■ Exercise objective
Emit the data below verbatim, stripping out any pictures.

■ Information shown
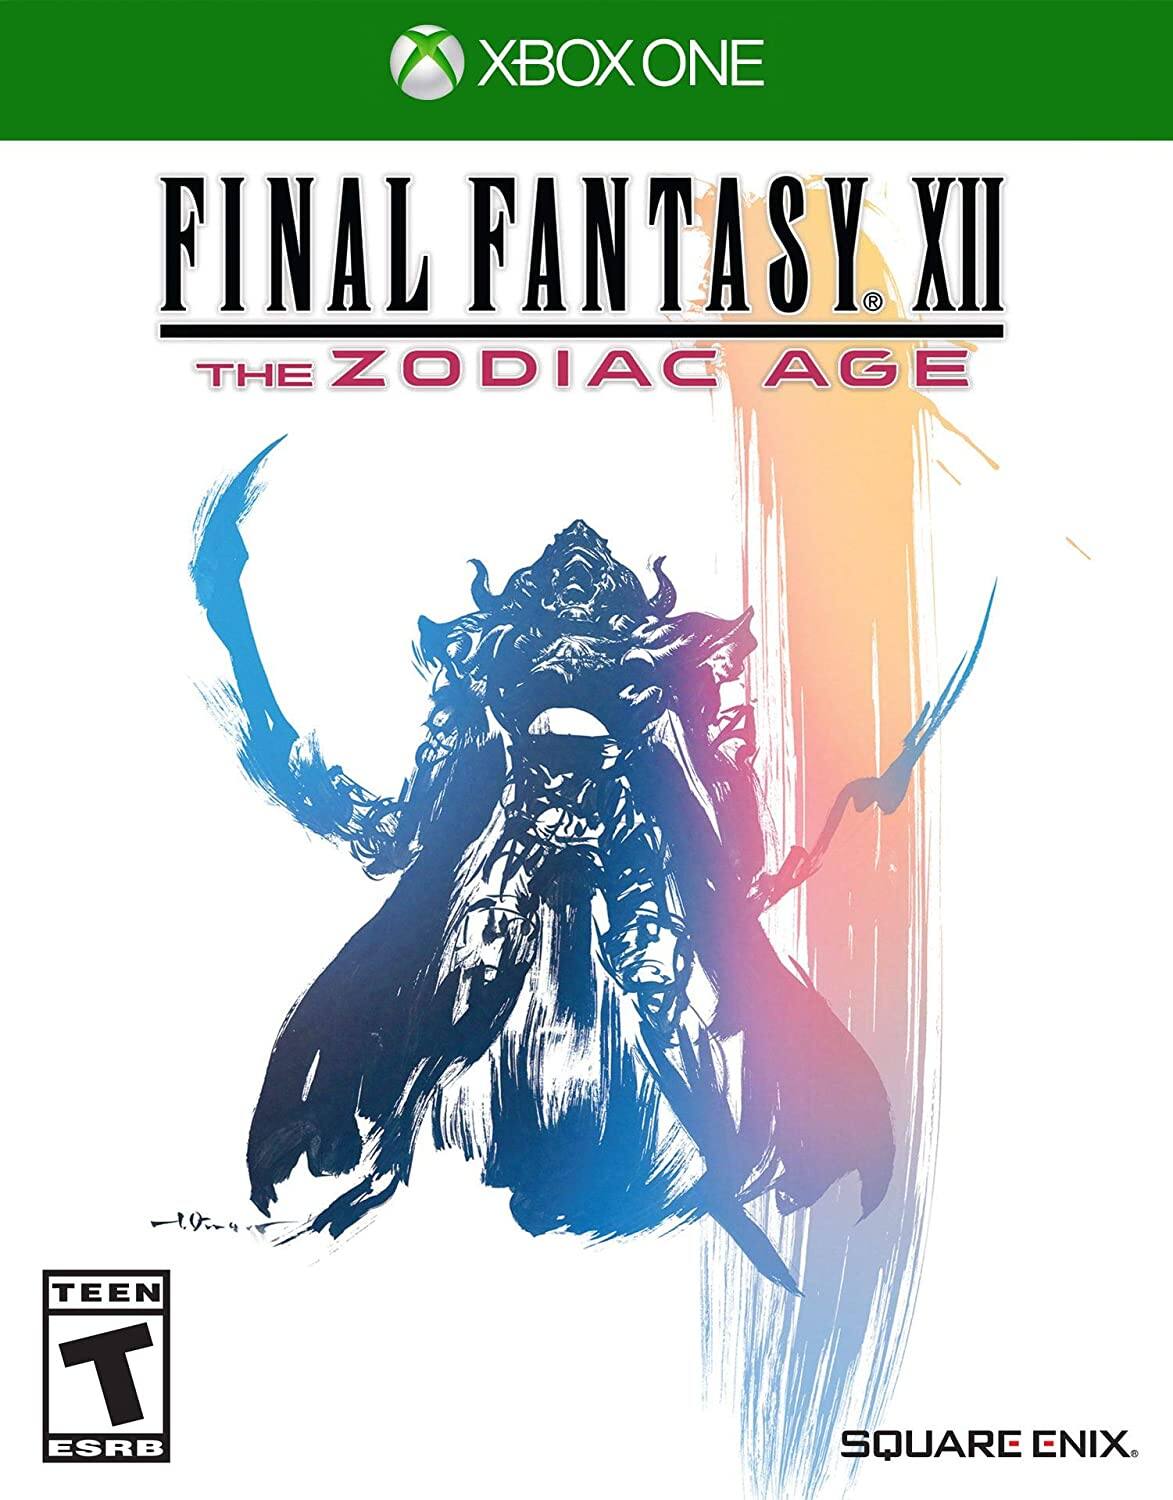 Final Fantasy XII The Zodiac Age (Xbox One) $7.88 @ Amazon
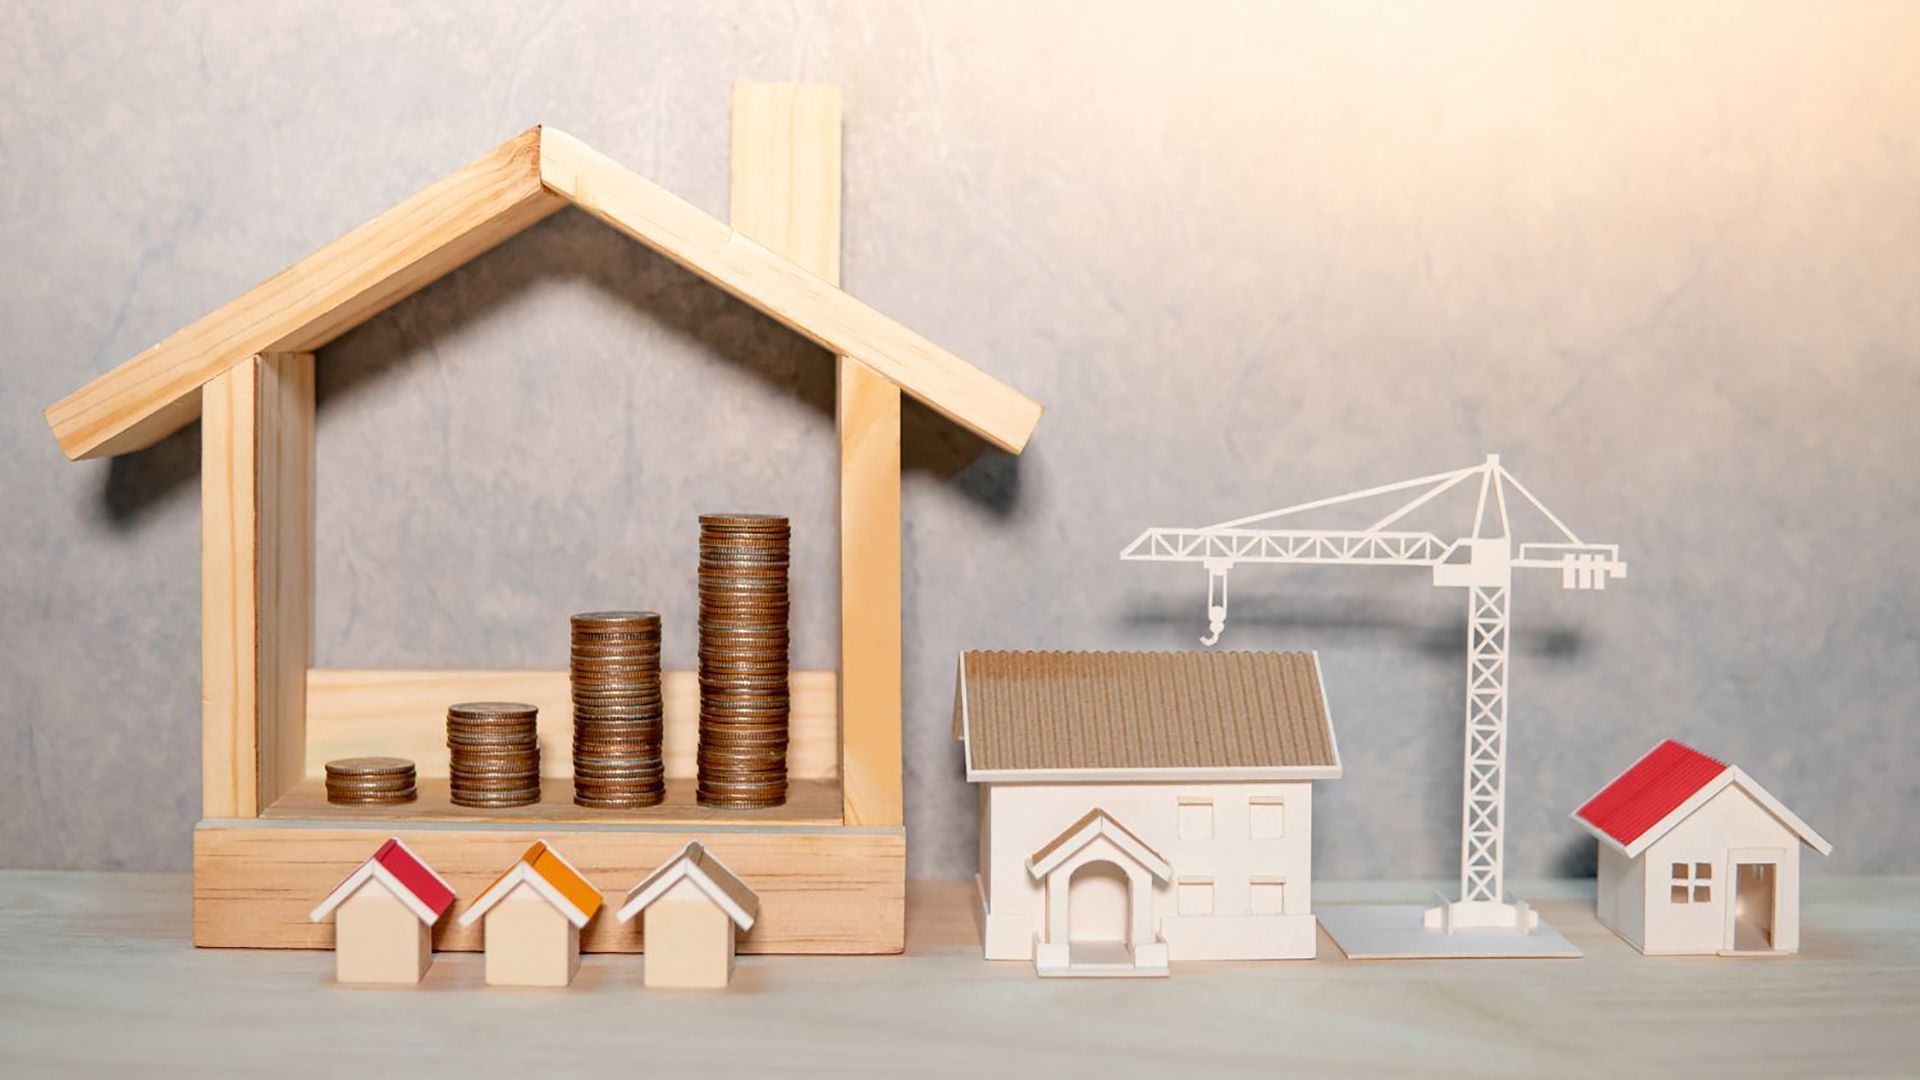  Har nya bostadsrättsföreningar för stora lån?
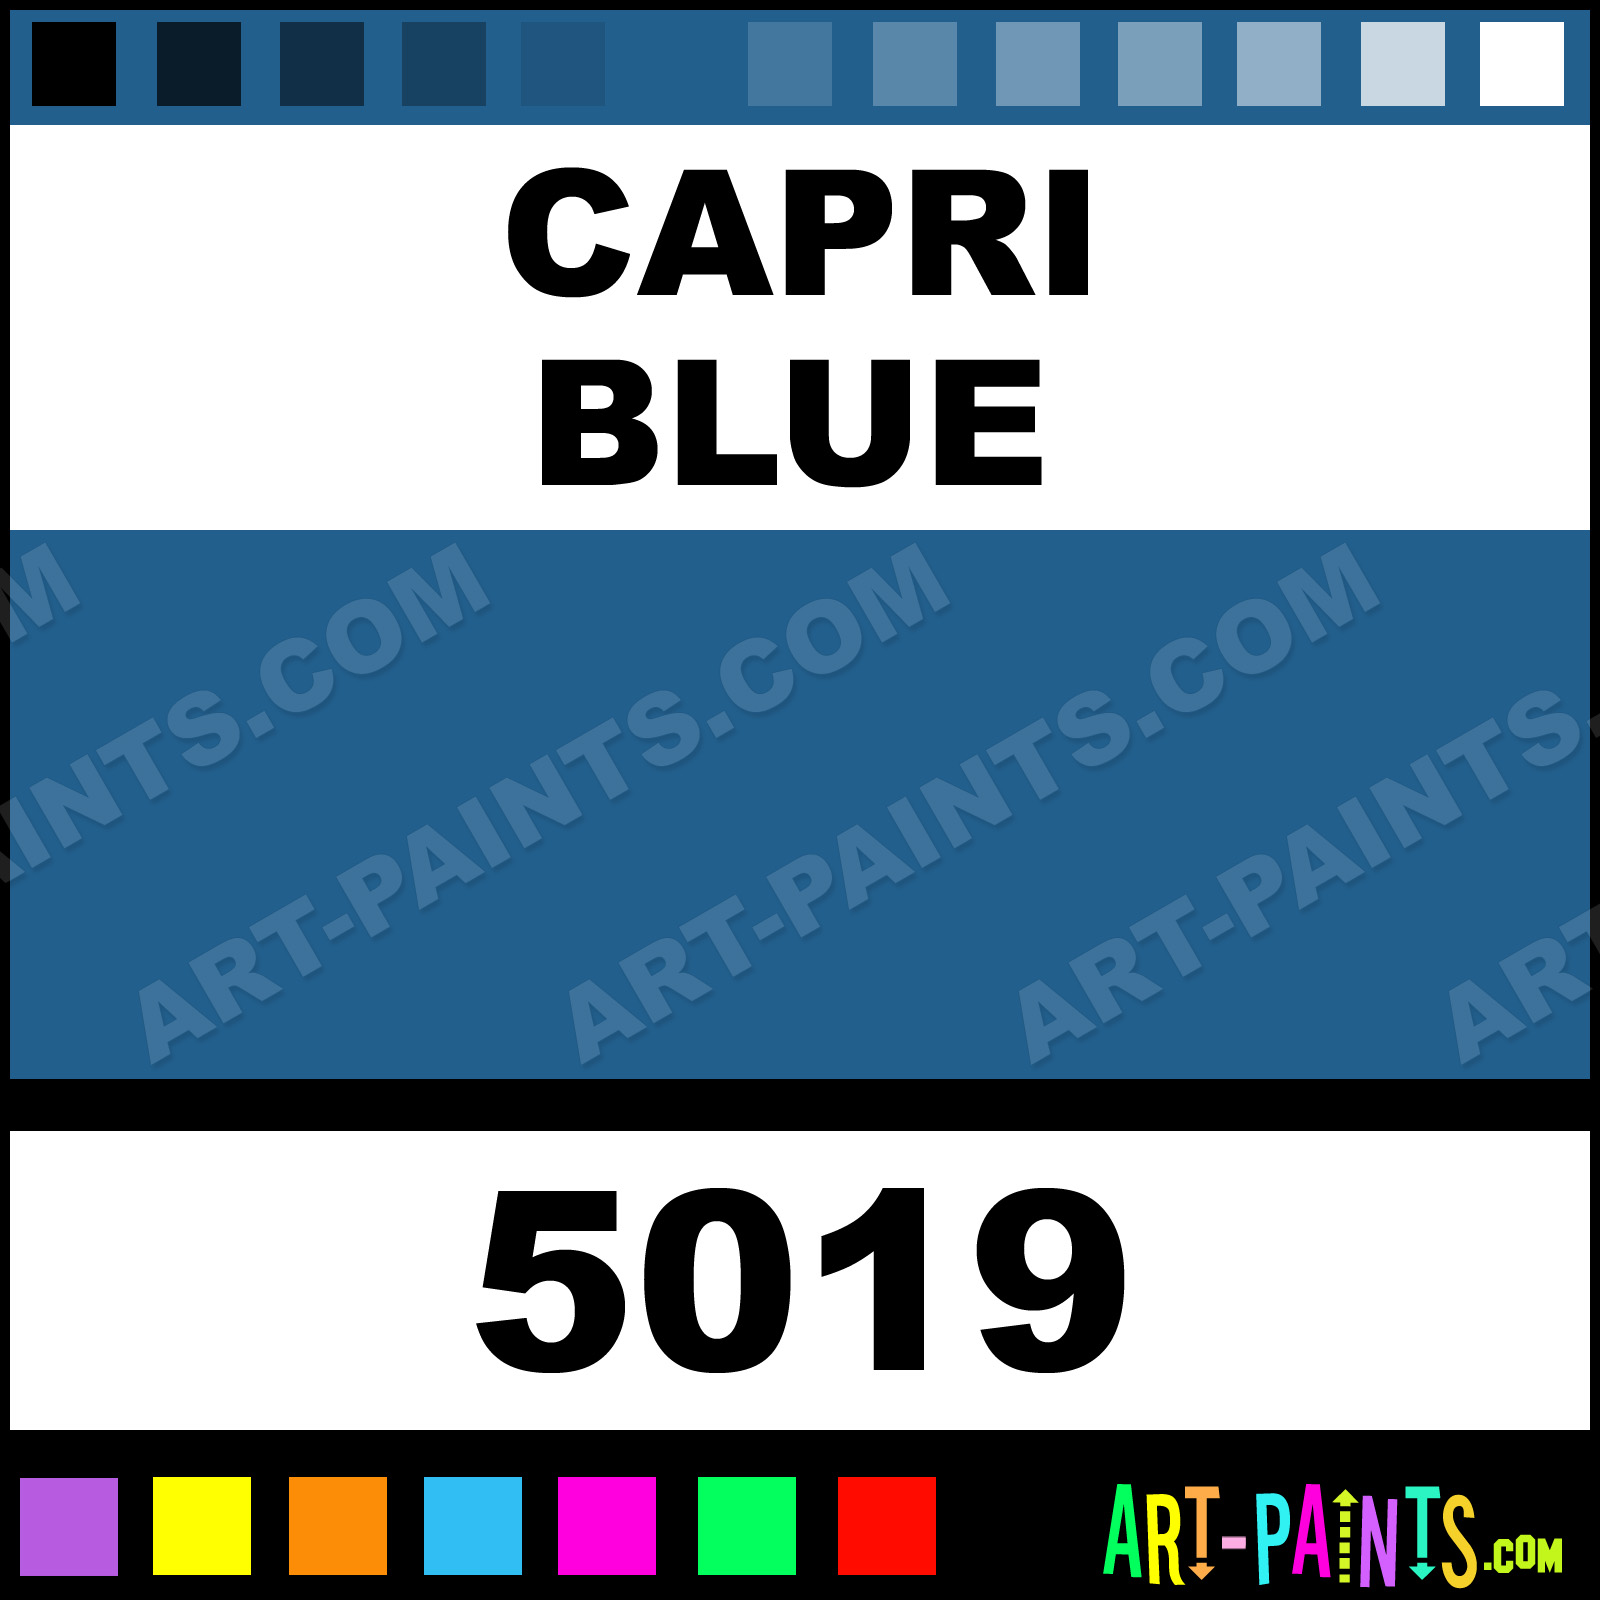 Capri Blue Glossy Acrylic Airbrush Spray Paints - 5019 - Capri Blue Paint,  Capri Blue Color, Sparvar Glossy Acrylic Spray Paint, 215E8D

■ Answer space
 Final Fantasy XII The Zodiac Age (Xbox One) $7.88 @ Amazon
  Har nya bostadsrättsföreningar för stora lån?
 Capri Blue Glossy Acrylic Airbrush Spray Paints - 5019 - Capri Blue Paint,  Capri Blue Color, Sparvar Glossy Acrylic Spray Paint, 215E8D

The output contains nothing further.